Une activité agricole importante a lieu dans la région de Sikasse du Mali. Elle agit comme un carrefour entre les pays côtiers (Togo, Bénin, Ghana, Côte d’Ivoire) et le littoral du Mali et du Burkina Faso.
Du point de vue de la communication, le wolof est la langue la plus représentée parmi les populations ciblées du Sénégal comme c’est le cas pour le bambara pour les populations ciblées du Mali. Il est important de trouver des moyens pour utiliser ces langues au niveau local, à travers l’utilisation des radios communautaires et des téléphones mobiles, et à un niveau plus global, à travers les traductions du site internet et de la plate-forme internet E-TIC afin d’atteindre ces populations.

Les téléphones mobiles en Afrique de l’Ouest

  • En 2009, la population estimée du Sénégal était de 13,7 millions d’habitants . Le nombre d’abonnements de téléphones portables (pour la plupart cartes prépayées) était en 2008 de 5,4 millions. Cela veut dire qu’un habitant sur 2,5 environ dispose d’un téléphone portable. Dans un contexte où 42,2% de la population est âgée de moins de 15 ans, ce ratio est doublé pour les personnes ayant plus de 20 ans.
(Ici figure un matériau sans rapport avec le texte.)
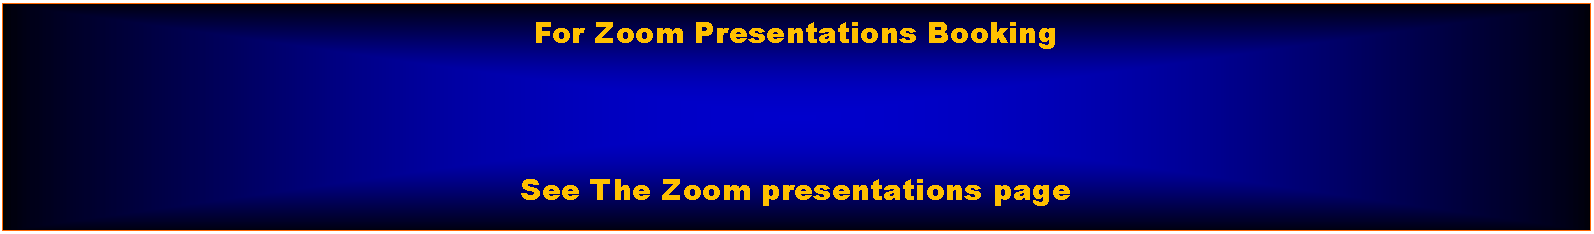 Text Box: For Zoom Presentations BookingSee The Zoom presentations page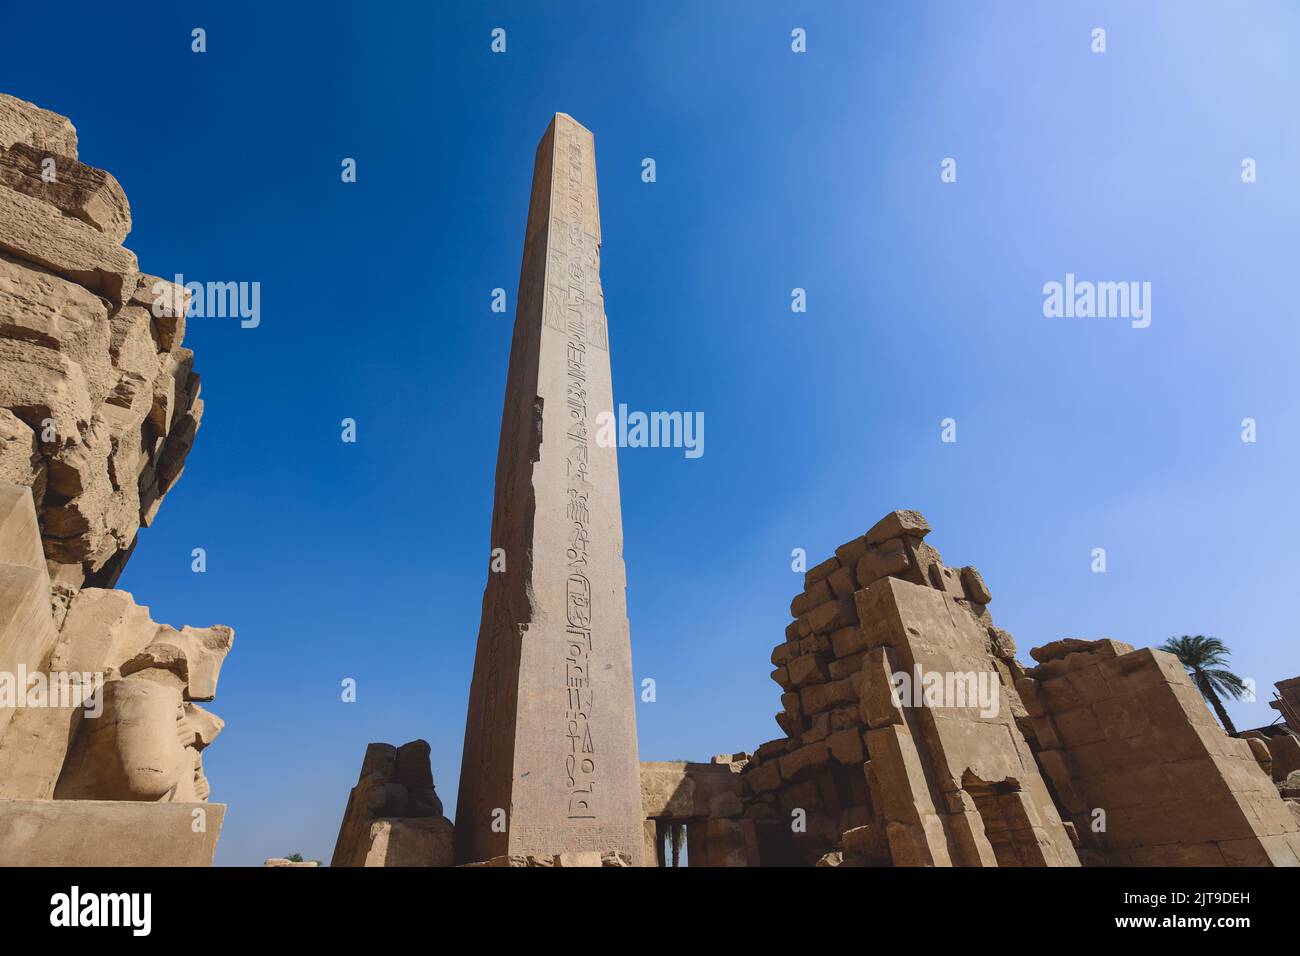 View to the Ancient Egyptian Ruins of Obelisk of Thutmosis I in Karnak Temple Complex near Luxor, Egypt Stock Photo

  • Pour le Mali, ce ratio est légèrement plus bas, mais reste significatif. Pour une population estimée à 13,4 millions d’habitants (2009) , on comptait 3,4 millions d’abonnements de téléphones portables en 2008 (y compris cartes prépayées). Cela signifie qu’un habitant sur quatre environ dispose d’un téléphone portable. Avec 48,3% de la population âgée de moins de 15 ans, l’utilisation de téléphones portables est répandue chez 50% de la population de plus de 20 ans.
  • Au Mali, on compte 168 radios dont 121 radios communautaires et associatives, 38 radios commerciales et 9 radios confessionnelles (chiffres de l’Union des Radios et télévisions libres du Mali – URTEL). La liste complète des radios indépendantes du Mali est disponible en annexe du présent rapport.